How Wole Soyinka almost killed himself with his Father’s gun at age 10

If Wole Soyinka had succeeded in
pulling the trigger in his father’s dane gun years ago, his glorious life would
have been cut short. 
From a boy, to a man, to a phenomenon.

“I used to go with my father when he
hunted. It was a mere air gun but was good enough for squirrels, the wild
pigeon and occasional rabbit. I was just curious. One day I sat in the house’s
frontage waiting for him to come out of his bedroom so I could accompany him.

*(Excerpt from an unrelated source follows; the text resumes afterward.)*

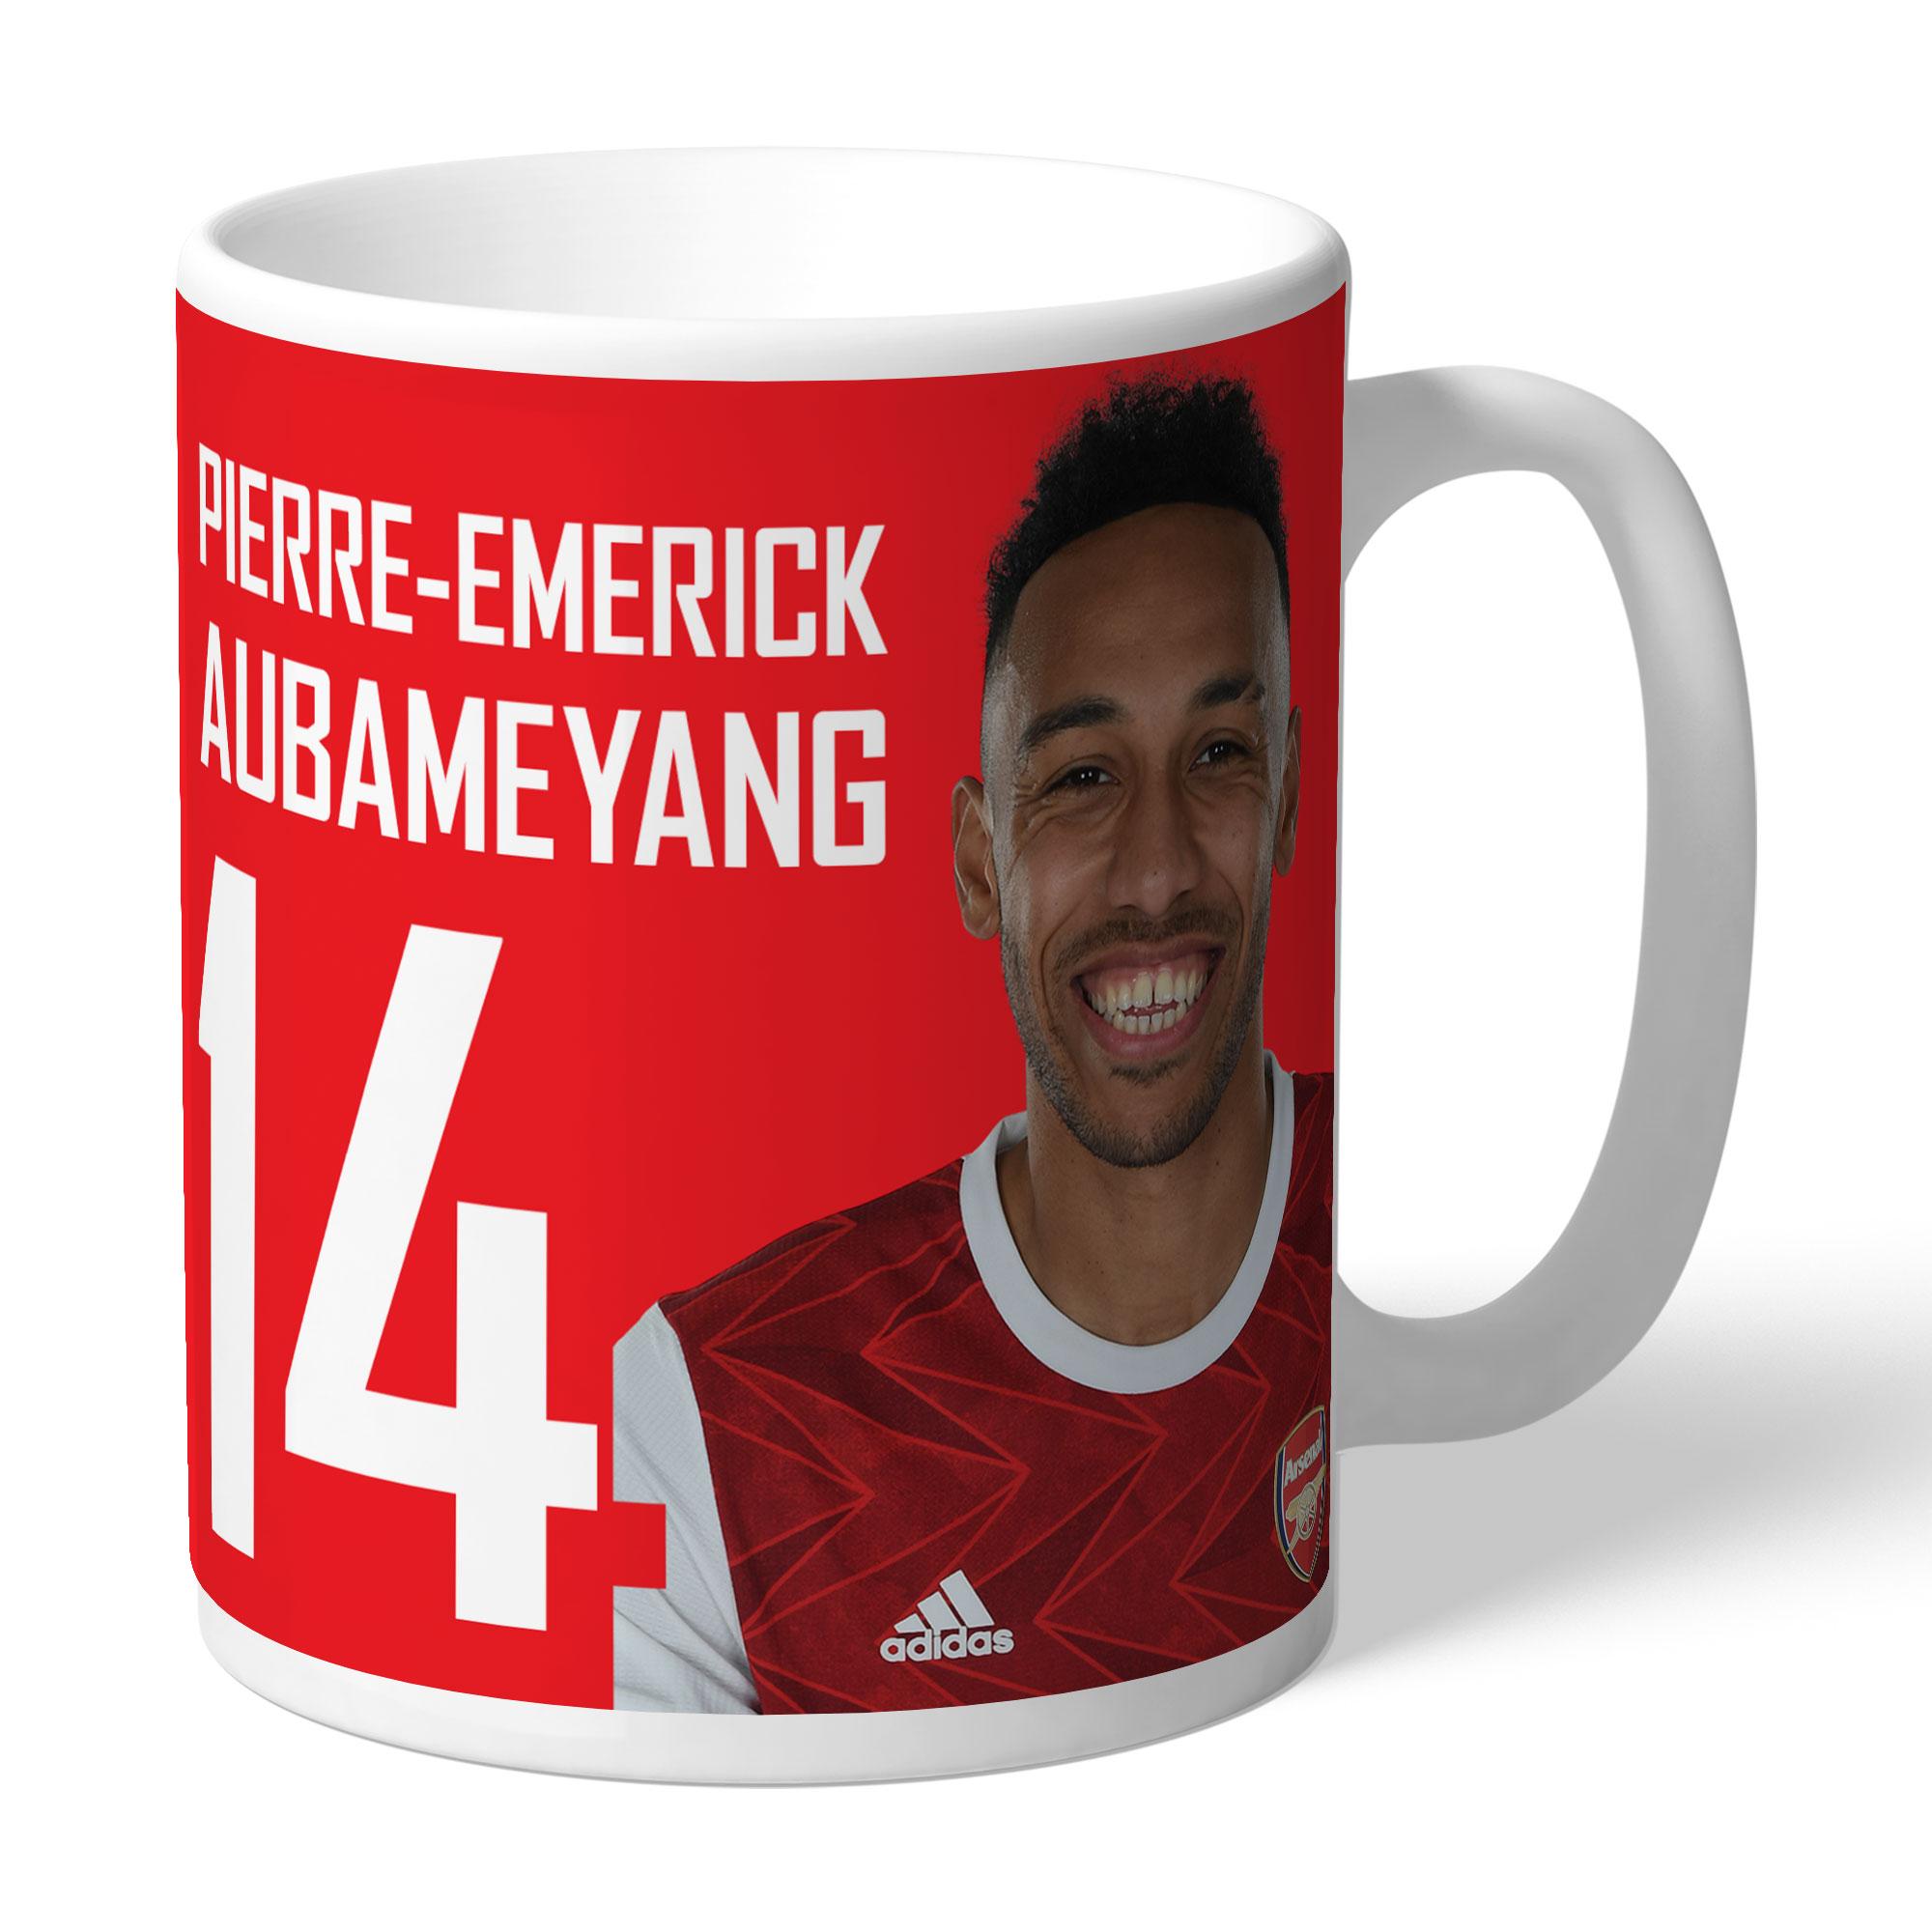 Arsenal FC Aubameyang Autograph Mug

“I just felt there was something
about that part of his gun which he used to pull. I tried the same motion and
it just exploded; but he knew it was his fault so he never chided me. He knew
he should never have left that gun loaded and he knew me enough to know that I
had learnt that lesson and I didn’t need to be reminded of it. Of course, there
was a sort of mutual standoff; I was not rebuked but he knew I was not going to
do it again.”
The literary giant, Wole Soyinka
said this during his 80th birthday celebration in Abeokuta, Ogun
state on Sunday.
Reminiscing on his childhood years,
Soyinka said his bravery and sometimes cunning traits as a child didn’t go down
well with his mother who reasoned that his over-confidence would harm him in
the journey of life.
The vintage author said, “When a
child tries out something which people, even adults, should undertake with
great caution, then they think that child is over-confident and is going to
destroy himself.
“I think it stemmed from the fact
that if I thought about something which was possible, then I should be ready to
test it.”
“ I enjoyed trying out the practical
side of science at home— I used to perform experiments. Things like that, you
know, sometimes blew up in my face. Same with putative artistry.
“I would re-arrange my mother’s shop
because I felt mine was the best way. I looked at customers, studied them and
decided which arrangements would attract them more. She would give up and let
me have my way. After I had gone back to school, she would undo everything.”
He said his early school days still
remain fresh in his memory, affirming that he was able to cope with older boys
as a 10year-old scholarship student at Government College, Ibadan because his
unique approach to issues.
He said, “Those school mates of
mine, they were bullies. They were terrifying because they looked big. Some of
them, I am sure, had children already. Some had moustaches and so they shaved
every morning.
“The ‘over-confidence’ that my
mother used to complain of saved me and put me in trouble also. Because they
were big they felt they should trample all over me. I had no hesitation in
taking them on.
“It was a very good training because
you defeat people like that largely with moral persistence. They knew they were
misusing their power.
“Whenever they turned on me, being
really small, the bullying got really intense because these big boys could not
stand the idea that this rondo (small) boy was sitting while others were
standing. They couldn’t stand it. They intensified the bullying, which made me
even more aggressive.”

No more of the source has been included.